Разговор у нас начался хорошо. Теперь мне надо было еще немного раззадорить коллегу до необходимой кондиции и тогда всё может получиться так, как я и задумал.

— Ты, мой милицейский брат Губанов, должен гордиться, что я тебя по полу своей шикарной квартиры на пинках приобщал! — довольно осклабился я, глядя в глаза сотоварищу по МВД, — Теперь-то у тебя и такой вот помойки не будет! — обвёл я взглядом убогий интерьер притона. — Побегаете со своим корешем немного, а через месяц или даже раньше вас отловят! И на нары определят! Но это еще полбеды, капитан! Уж ты-то лучше своего подельника знаешь, что билет у тебя в один конец! Тут уж без вариантов! Кранты тебе, Губанов! Постреляют вас в спецпродоле централа, как собак безродных. А потом зароют под номерной табличкой. Тоже, как собак, без имени.

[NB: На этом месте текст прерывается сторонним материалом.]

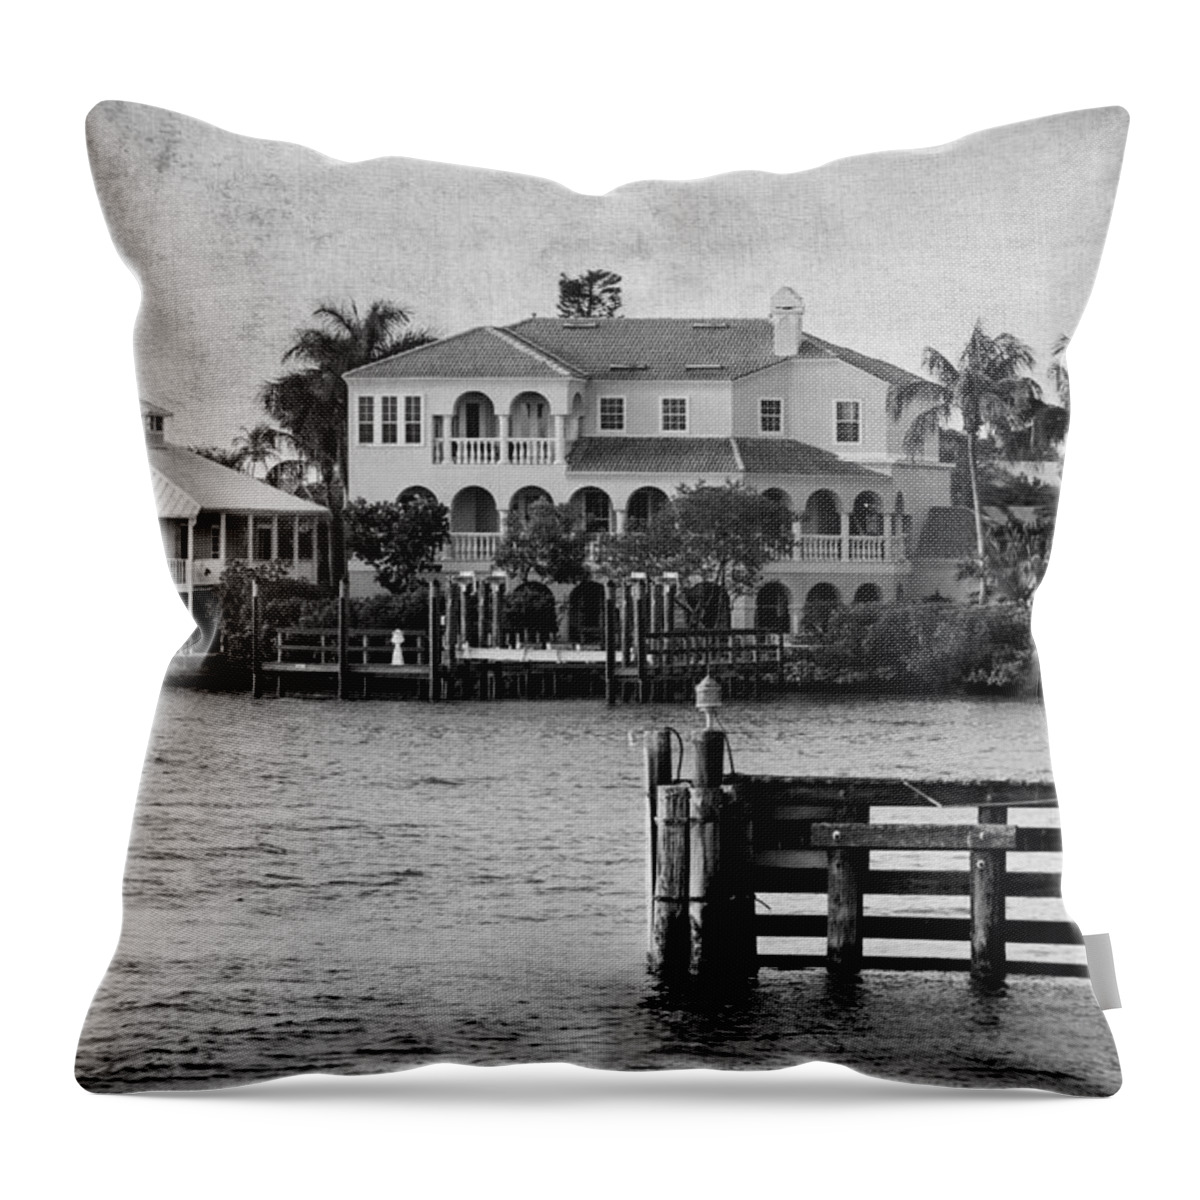 Matanzas Passfort Myers Beach Throw Pillow featuring the photograph Matanzas Pass - Fort Myers Beach - Florida by Kim Hojnacki

Расчувствовавшись от изложенных мной перспектив и понимая, что от истины я, если и отклонился, то не шибко далеко, капитан взревел. Аки безумный лев в момент кастрации. И наконец-то сделал то, чего я так добивался своими обидными речами. С разворота вмазал мне кулаком своей свободной левой руки, целясь в ухо. Я всего-то и успел, что подставить левую половину своего многострадального лба. Помогло это мне не очень сильно. В голове будто бы лопнул стеклянный плафон уличного освещения. А в ушах одновременно зазвенело и загудело. Но вместо того, чтобы расстроиться, я совершенно искренне возрадовался всем этим болезненным последствиям. Хотя бы потому, что меня в очередной раз не ударили по голове железом. И я из-за этого не утратил своей сознательности. Слетев с табурета, я оказался почти под столом. Где и затих, жалко скрючившись в позе эмбриона. Давая всем своим видом понять обозлённому сослуживцу по внутренним органам, что выпал ненадолго из здешней реальности.

— А ну не дуркуй, урод! — с размаху и довольно чувствительно заехал мне по спине носком казённого ботинка вконец озверевший опер. — Это я тебя еще не бил, паскуду, это я тебя только погладил.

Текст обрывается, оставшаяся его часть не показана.